Daly Bread: What ‘further’ digitisation? We are barely off the ground

Many lives and our economic survival depend on the availability of vaccines in sufficient numbers to vaccinate 70 percent or greater of the adult population.

We are re-opening for business before the 70 percent target is achieved and before more is known about the Delta variant, described as ‘relentless’. That is a significant risk. But I do acknowledge movement in a safer direction with the reported arrival last week of enough doses of Sinopharm vaccine for 400,000 people while the prime minister was pictured taking it.

Photo: Prime Minister Dr Keith Rowley (left) receives his Covid-19 Sinopharm vaccine shot on 13 July 2021.
(via Office of the Prime Minister)

There are persons opposing vaccination. That is their right, particularly because of the historic rumpus about alleged childhood detrimental effects of the MMR (measles, mumps and rubella) vaccine.

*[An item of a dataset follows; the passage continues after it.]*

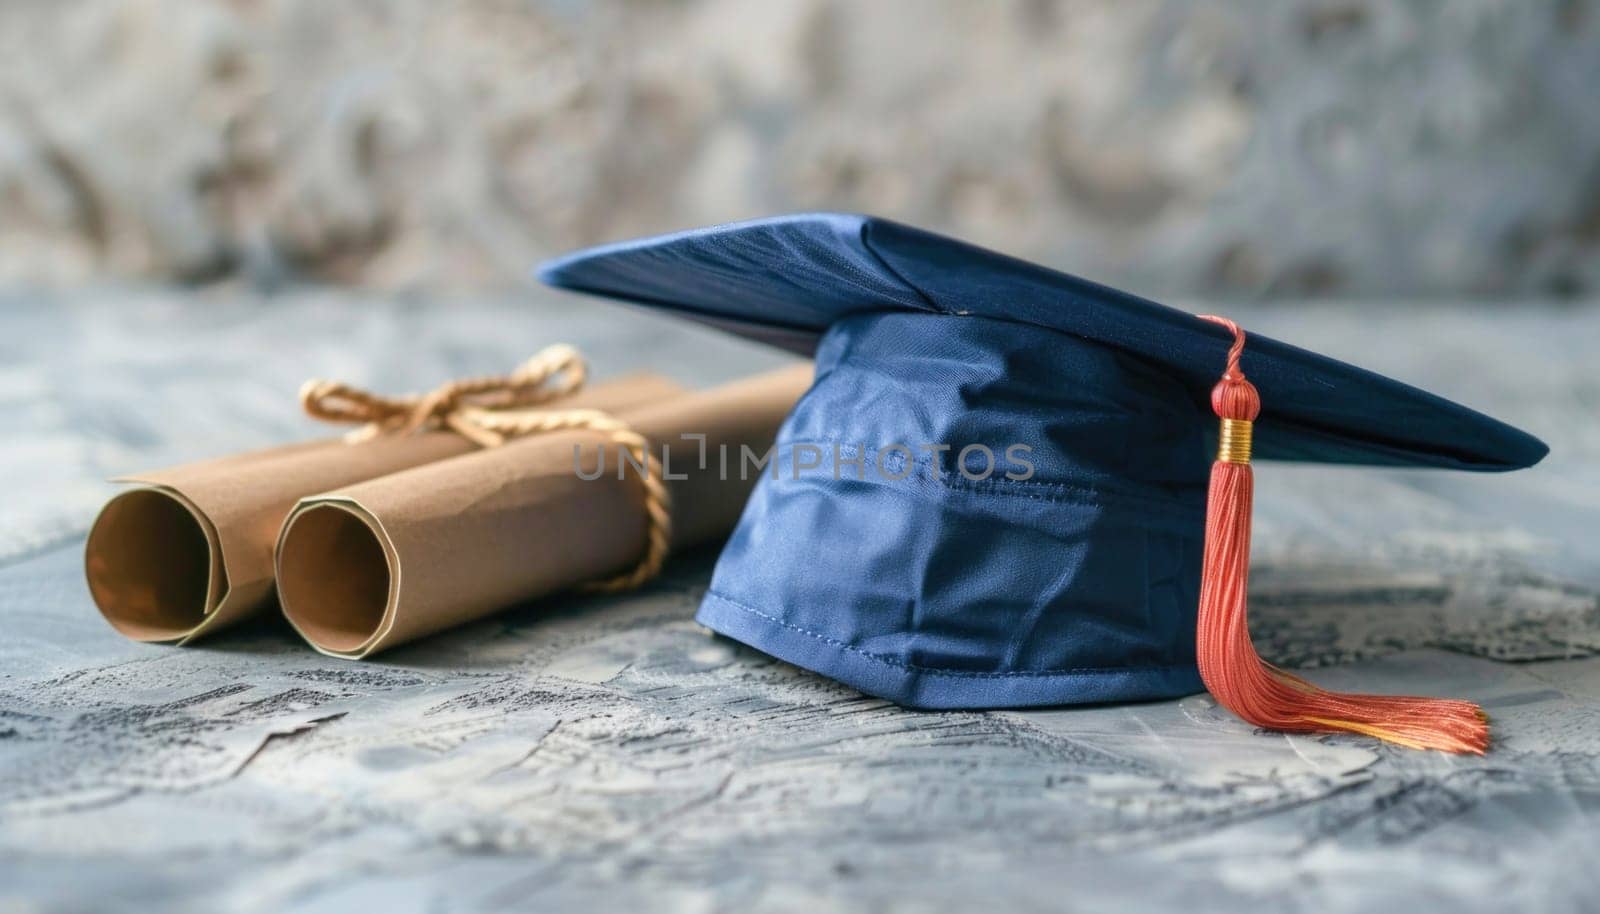 The table is elegantly decorated with a graduation cap and two diplomas, arranged in a formal manner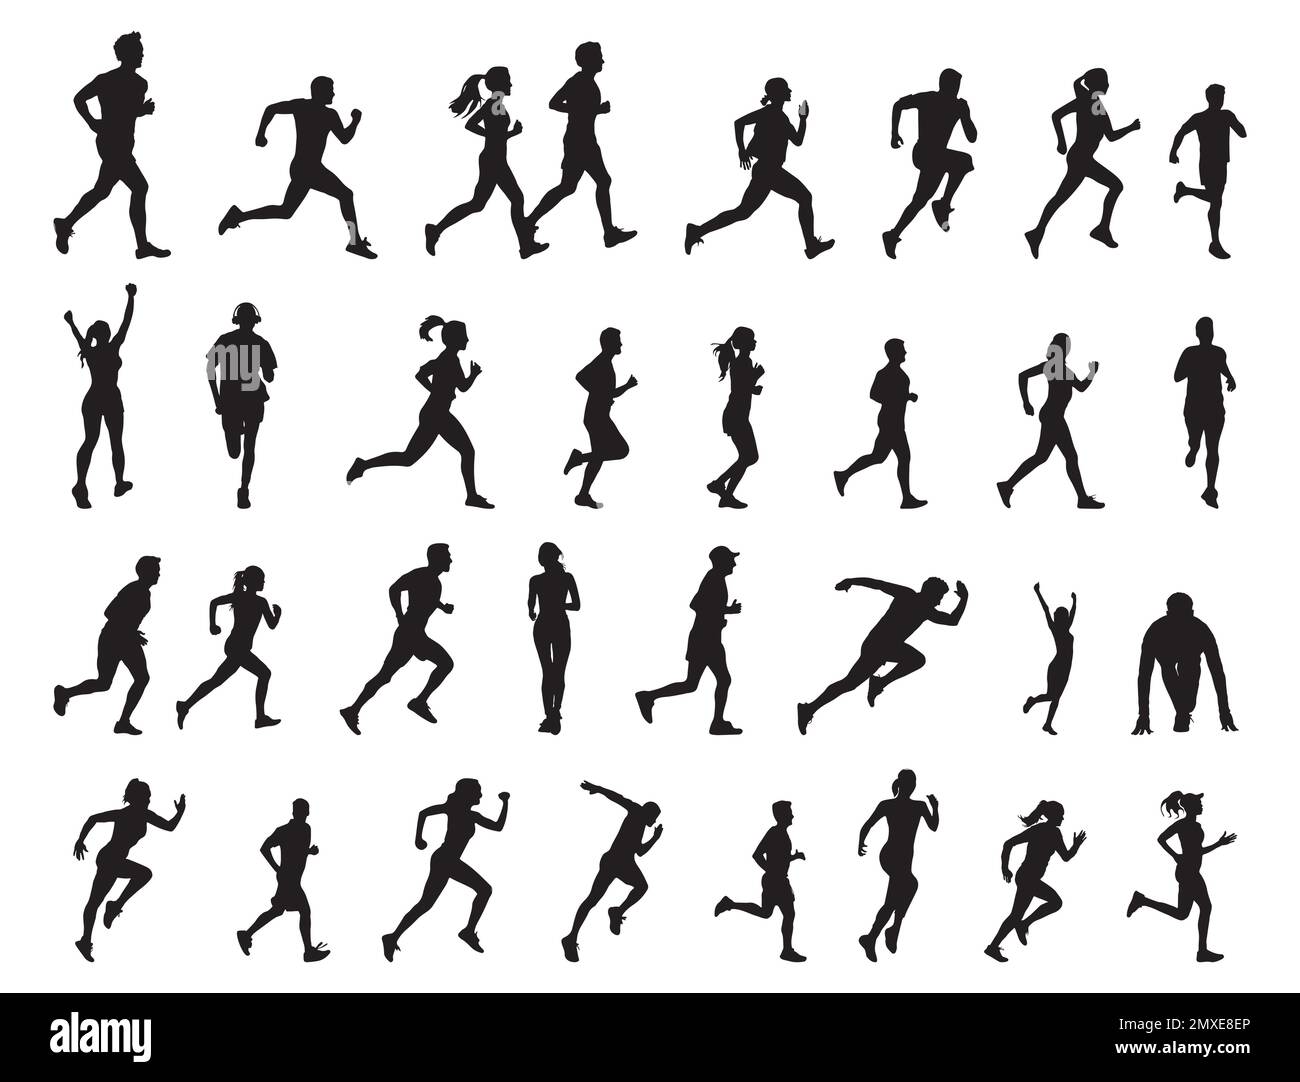 Collezione running people silhouettes, running man and woman silhouettes Illustrazione Vettoriale

Bullying will not change the views of those against the vaccination; nor will ranting convince those who believe that massive vehicle tax exemptions (whether a term of employment or not) cannot be voluntarily given up or reduced by the purchase of a modest vehicle—especially when judgments are being passed on the neediness of hungry people.

For what it is worth, I do not believe that authoritative medical sources in so many countries with so many different cultures have banded together to fool us about the need to be vaccinated or to mislead us about the health consequences.

Meanwhile the ease of doing business for the ordinary citizen in what should be simple transactions with government agencies and banks, already anything but easy, has been blighted further by poor attempts at digitisation.

Photo: An online shopper prepares to make a purchase.

In some government agencies, digitisation is considered implemented by the mere downloading of an application form as a prelude to an in-person appointment, which may be scheduled a year away. That is pure mamaguy.

The government’s digitisation portfolio went west to Minister Allyson West and then went west in the sense of going wrong in certain cases. Senator West can hardly be blamed if the assistance to manage that portfolio was in the form of the bureaucratic-speak, to which I refer shortly.

In the banking sector, some of us are arbitrarily cut off from our funds, or accessing them requires piercing so-called layers of security in order to activate online services. This electronic game being played is stacked against us and can cause an initial entry to a platform to occupy an hour of a customer’s time—with no guarantee of success even after being forced to change an existing password.

Thank you to the managing director of one bank who promptly apologised for the pressure put on customers and then outlined solutions. What a contrast to the bureaucratic speak of the Central Bank, reported earlier this month in the Trinidad Express, regarding: ‘part of the bank’s strategic plan is to determine the factors inhibiting further digitisation (legislative, institutional, behavioural, etc) and propose solutions’.

Photo: Embracing technology.

What ‘further’ digitisation? We are barely off the ground in many cases.

Where we have risen from ground level to merely downloading forms, what strategic plan is needed to realise that we are plagued with overcomplicated platforms, which also lack any element of common or standardised routines?  How many ‘tutorials’ do we have to endure?

Sanctions for these deficient, user-hostile platforms fall only on the victim customers in the form of more interest and fees. Earlier in the pandemic, moratoriums were given to customers on periodic loan payments (perhaps whether they asked for them or not) but interest was added on for the period of the moratorium and apparently even loaded on to the diligent customer. That made the moratorium a Trojan Horse, like the legendary attractive construct with the enemy hidden inside.

There is no need to ‘strategically plan’ to find a solution. Simply give back the customers any additional interest and fees piled on their backs.

Last week, the prime minister announced that Senator West’s Ministry of Public Administration and Digitisation would be split and that Senator Hassell Bacchus, who was a minister in that ministry, would be elevated to Cabinet and appointed minister of digital transformation.

Photo: Minister of Digital Transformation Senator Hassell Bacchus.

Good luck sir, but you will face plenty hassle unless you deliver on your focus ‘on things that will have an impact on people and things that require significant attention’—as stated in your opening remarks reported last Tuesday.